Она бесцеремонно прижала водителя к спинке кресла, и тот ударился в панику. Руки его судорожно вцепились в баранку, которая повернулась при этом на несколько градусов. И тут он сделал то, чего категорически нельзя делать на скользкой дороге: нога его вдавила в пол педаль тормоза.
Небольшой поворот и резкое торможение разом пустили машину юзом. Водитель пытался убрать подушку, поэтому машину крутило все сильнее.
Сэр Стюарт удовлетворенно наблюдал за происходящим. Затем поднял взгляд на меня:
– Не намного сложнее, чем напугать лошадь, право же.

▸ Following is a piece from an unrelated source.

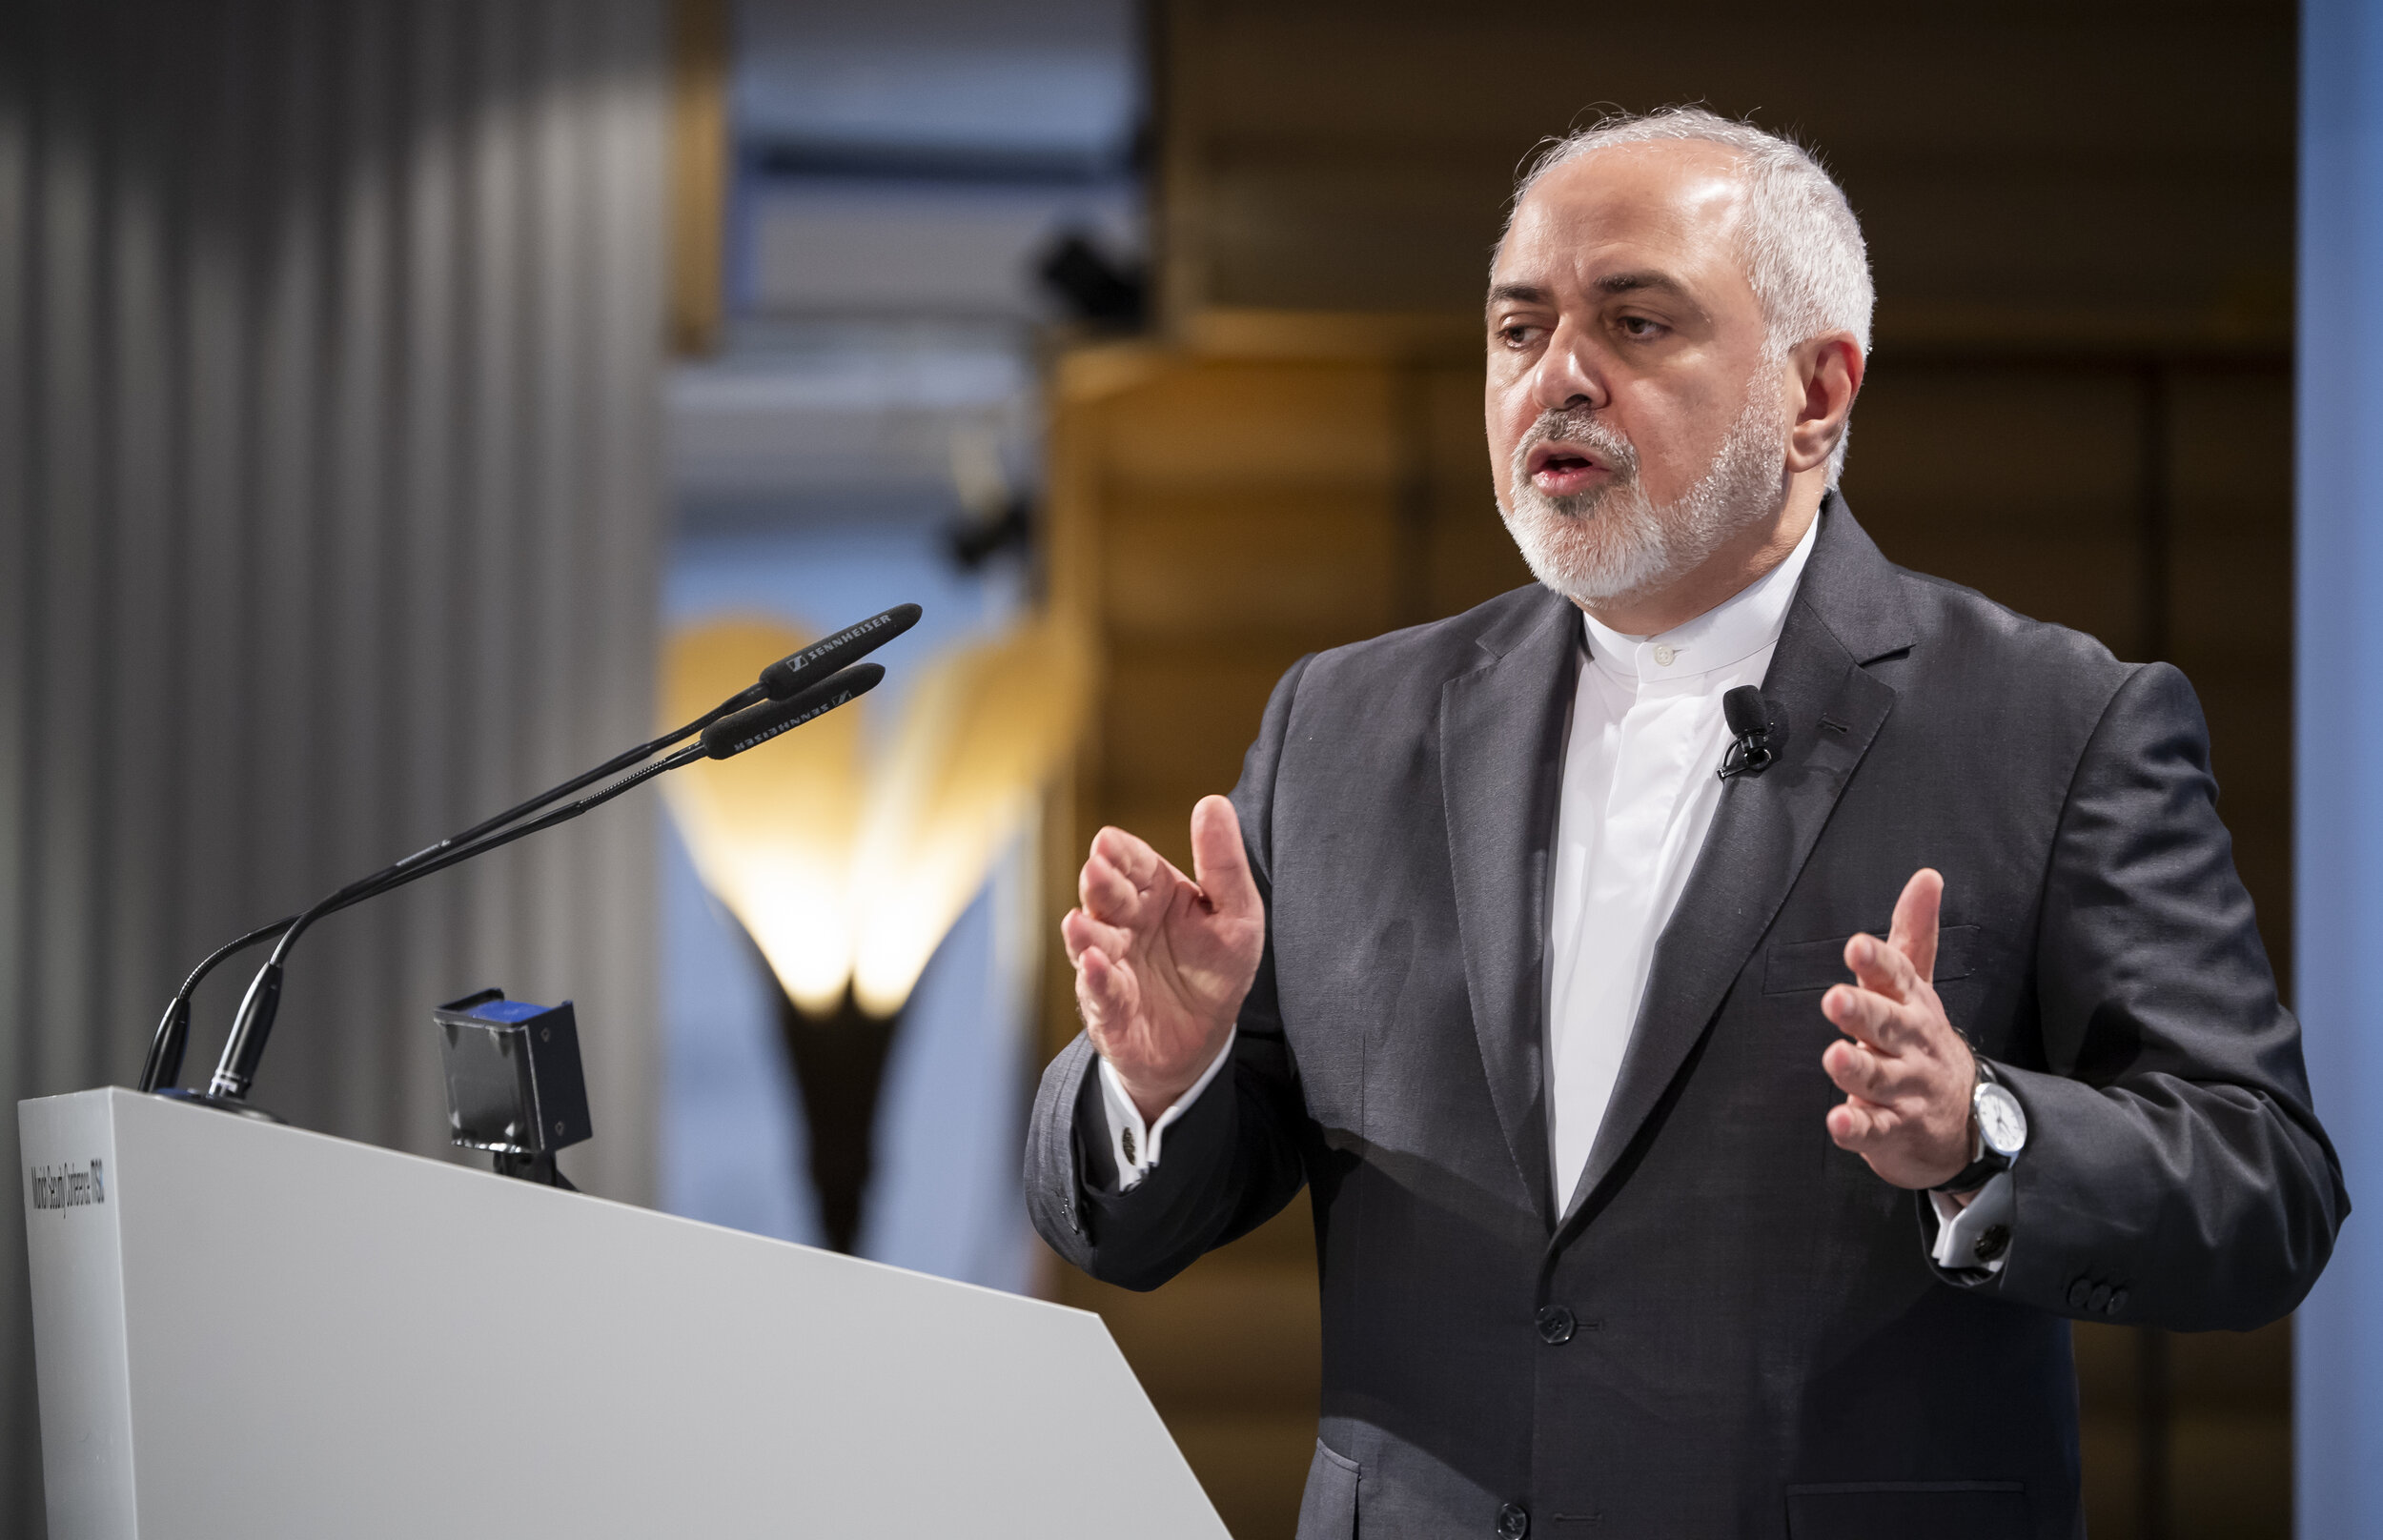 PICTURED: Iranian Foreign Minister Mohammad Javad Zarif.

Стрелки в кузове тем временем кричали в смятении, глядя, как идет кругом улица. Машина, словно вальсируя, сделала три полных оборота, отрикошетила от сугроба на обочине, двигаясь боком, пересекла осевую, встречную, тротуар – и въехала точнехонько в витрину небольшой продуктовой лавки. Воздух наполнился скрежетом сминаемого металла, лязгом бьющегося стекла и грохотом осыпающегося кирпича.
По сравнению с этим мерный звон сработавшей сигнализации магазинчика казался не громче звуков, издаваемых моим старым будильником с Микки-Маусом на циферблате.
Секунду-другую боевики сидели оглушенные, не шевелясь, потом разразились ругательствами и полезли из машины. Им явно не терпелось убраться до появления копов.
Сэр Стюарт исчез и вновь появился уже на другой стороне улицы. Я сделал такое же усилие, как минуту назад, когда запрыгивал в машину, и снова испытал давно забытое ощущение. Я вновь распался на миллион частей, а когда собрался воедино, стоял рядом с сэром Стюартом – правда, лицом к кирпичной стене.
– В следующий раз не забудьте развернуться по дороге, – посоветовал он.
Я фыркнул и оглянулся на бандитов:
– А с ними что?
– А что с ними?
– Разве мы не можем, например, овладеть ими… Заставить их разбить свою дурацкую башку о стену или что-то в этом роде?
Сэр Стюарт расхохотался:
– Мы не можем проникнуть в смертного, если он сам этого не захочет. На такое способны демоны, но не тени.
Я нахмурился:
– Значит… что? Мы так и позволим им уйти?
Он пожал плечами:
– Мне не хотелось бы оставлять Мортимера надолго без опеки. А вам, Дрезден, посоветовал бы учесть, что рассвет не за горами. Он уничтожит вас, если вы не найдете себе убежища вроде дома Мортимера.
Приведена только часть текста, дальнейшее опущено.